I'm trying to take a STRING field that contains a nested JSON structure from a table called my_old_table, extract a nested array called "alerts" from it, then insert it into a column in a new table called my_new_table. The new column is defined as:
ARRAY<STRUCT<cuid STRING, title STRING, created TIMESTAMP>>
I'm using this SQL:
INSERT INTO my_dataset.my_table(
id, alerts)
SELECT id, JSON_EXTRACT(extra, "$.alerts") AS content_alerts
FROM my_dataset.my_old_table
This gives me:
Query column 2 has type STRING which cannot be inserted into column content_alerts, which has type ARRAY<STRUCT<cuid STRING, title STRING, created TIMESTAMP>> at [4:1]
I don't see a way of parsing the extracted string this back to a structure.... Is there another way to do this?
Edit:
The original value is a json string that looks like this:
{
"id": "bar123",
"value": "Test",
"title": "Test",
"alerts": [
{
"id": "abc123",
"title": "Foo",
"created": "2020-01-17T23:18:59.769908Z"
},
{
"id": "abc124",
"title": "Accepting/Denying Claims",
"created": "2020-01-17T23:18:59.769908Z"
}
]
}
I want to extract $.alerts and insert it into the ARRAY<STRUCT<cuid STRING, title STRING, created TIMESTAMP>> somehow.
Edit #2
To clarify, this reproduces the issue:
CREATE TABLE insights.my_table
(
id string,
alerts ARRAY<STRUCT<cuid STRING, title STRING, created TIMESTAMP>>
);
CREATE TABLE insights.my_old_table
(
id string,
field STRING
);
INSERT INTO insights.my_old_table(id, field)
VALUES("1", "{\"id\": \"bar123\",\"value\": \"Test\",\"title\": \"Test\",\"alerts\":[{\"id\": \"abc123\",\"title\": \"Foo\",\"created\": \"2020-01-17T23:18:59.769908Z\"},{\"id\": \"abc124\",\"title\": \"Accepting/Denying Claims\",\"created\": \"2020-01-17T23:18:59.769908Z\"}]}");
Based on the above setup, I don't know how to extract "alerts" from the STRING field and insert it into the STRUCT field. I thought I could add a JSON PARSE step in there but I don't see any BigQuery feature for that. Or else there would be a way to manipulate JSON as a STRUCT but I don't see that either.
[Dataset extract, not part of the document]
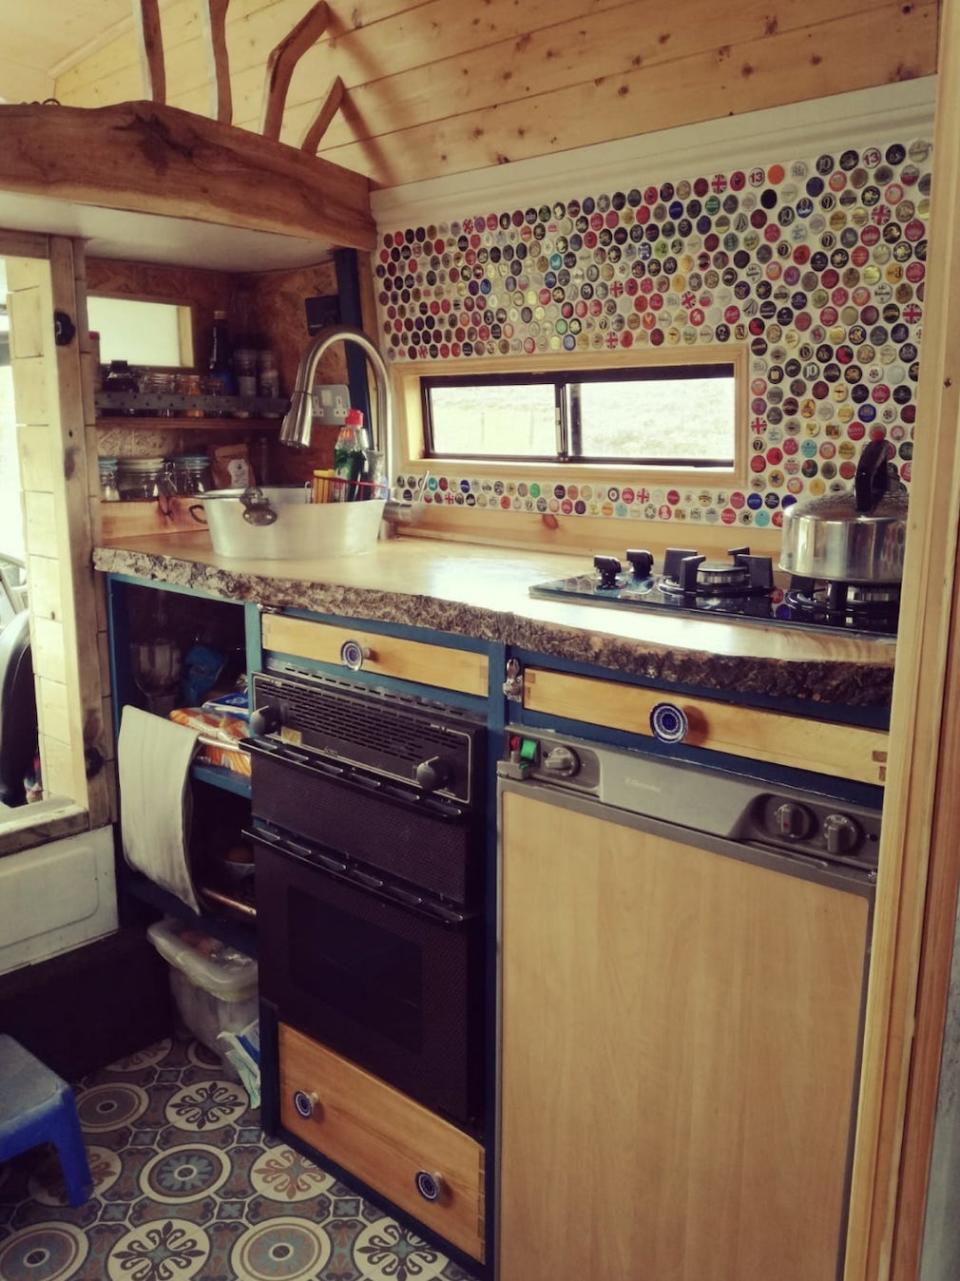 A tiled kitchen with a gas oven and stovetop in the Firetruck Family's van conversion.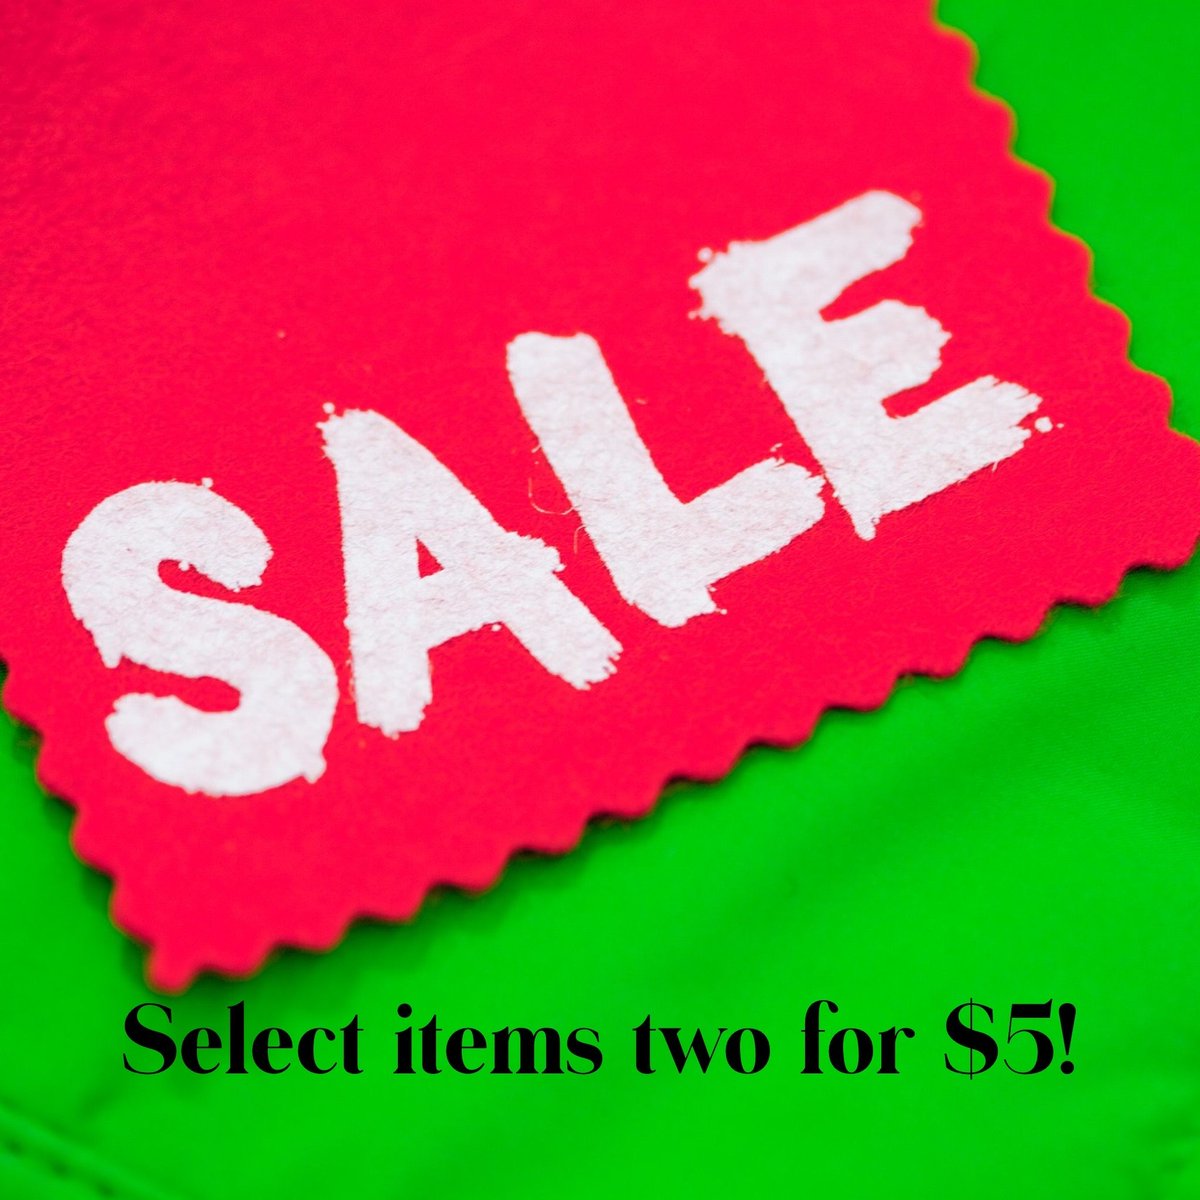 Wonder what deals you’ll find at our Second Saturday Sale this Saturday from 9am to noon. #BargainHunt #bargain #bargains #thrift #thrifting #thriftstore #resale #resalefashions #resaleBoutique #resaleshop #upscaleresale #resaleretail #sustainabkefashions

As a result, this is as close as I could get:
INSERT INTO insights.my_table(id, alerts)
SELECT id, JSON_EXTRACT(field, "$.alerts") AS alerts FROM insights.my_old_table
I'm sure there's something I'm missing here.

Below for BigQuery Standard SQL
#standardSQL
CREATE TEMP FUNCTION JsonToItems(input STRING)
RETURNS ARRAY<STRING>
LANGUAGE js AS """
return JSON.parse(input).map(x=>JSON.stringify(x));
""";
)
SELECT
JSON_EXTRACT_SCALAR(extra, "$.id") AS id,
ARRAY(
SELECT AS STRUCT
JSON_EXTRACT_SCALAR(alert, "$.id") AS cuid,
JSON_EXTRACT_SCALAR(alert, "$.title") AS title,
TIMESTAMP(JSON_EXTRACT_SCALAR(alert, "$.created")) AS created
FROM UNNEST(JsonToItems(JSON_EXTRACT(extra, "$.alerts"))) alert
) AS alerts,
FROM `project.dataset.my_old_table`
You can test, play with above using sample data from your question as in example below
#standardSQL
CREATE TEMP FUNCTION JsonToItems(input STRING)
RETURNS ARRAY<STRING>
LANGUAGE js AS """
return JSON.parse(input).map(x=>JSON.stringify(x));
""";
WITH `project.dataset.my_old_table` AS (
SELECT '''
{
"id": "bar123",
"value": "Test",
"title": "Test",
"alerts": [
{
"id": "abc123",
"title": "Foo",
"created": "2020-01-17T23:18:59.769908Z"
},
{
"id": "abc124",
"title": "Accepting/Denying Claims",
"created": "2020-01-17T23:18:59.769908Z"
}
]
}
''' extra
)
SELECT
JSON_EXTRACT_SCALAR(extra, "$.id") AS id,
ARRAY(
SELECT AS STRUCT
JSON_EXTRACT_SCALAR(alert, "$.id") AS cuid,
JSON_EXTRACT_SCALAR(alert, "$.title") AS title,
TIMESTAMP(JSON_EXTRACT_SCALAR(alert, "$.created")) AS created
FROM UNNEST(JsonToItems(JSON_EXTRACT(extra, "$.alerts"))) alert
) AS alerts,
FROM `project.dataset.my_old_table`
with result
Obviously, you can then use this in your INSERT INTO my_dataset.my_table statement

You can parse the extracted string back to a BigQuery structure like so:
SELECT STRUCT(ARRAY<STRUCT<cuid STRING, title STRING, created TIMESTAMP>>
[('Rick', 'Scientist', '2020-01-17')]) FROM my_dataset.my_old_table;
I just tried it with your data
I have inserted your data in a BigQuery table:
INSERT INTO dataset.table
VALUES('{"id": "bar123", "value": "Test", "title": "Test", "alerts":
[{ "id": "abc123", "title": "Foo", "created": "2020-01-17T23:18:59.769908Z"},
{"id": "abc124", "title": "Accepting/Denying Claims", "created": "2020-01-17T23:18:59.769908Z"}]}');
and queried it, converting it back to a BigQuery structure:
SELECT STRUCT<cuid STRING, title STRING, created TIMESTAMP>("abc123",
"Foo", "2020-01-17T23:18:59.769908Z"),("abc124", "Accepting/Denying
Claims", "2020-01-17T23:18:59.769908Z") FROM blabla.testingjson;
Output:
Row | f0_.cuid | f0_.title | f0_.created
----------------------------------------
1 | abc123 | Foo | 2020-01-17 23:18:59.769908 UTC

Related

How do I use BigQuery DML to transform some fields of a struct nested within an array, within a struct, within an array?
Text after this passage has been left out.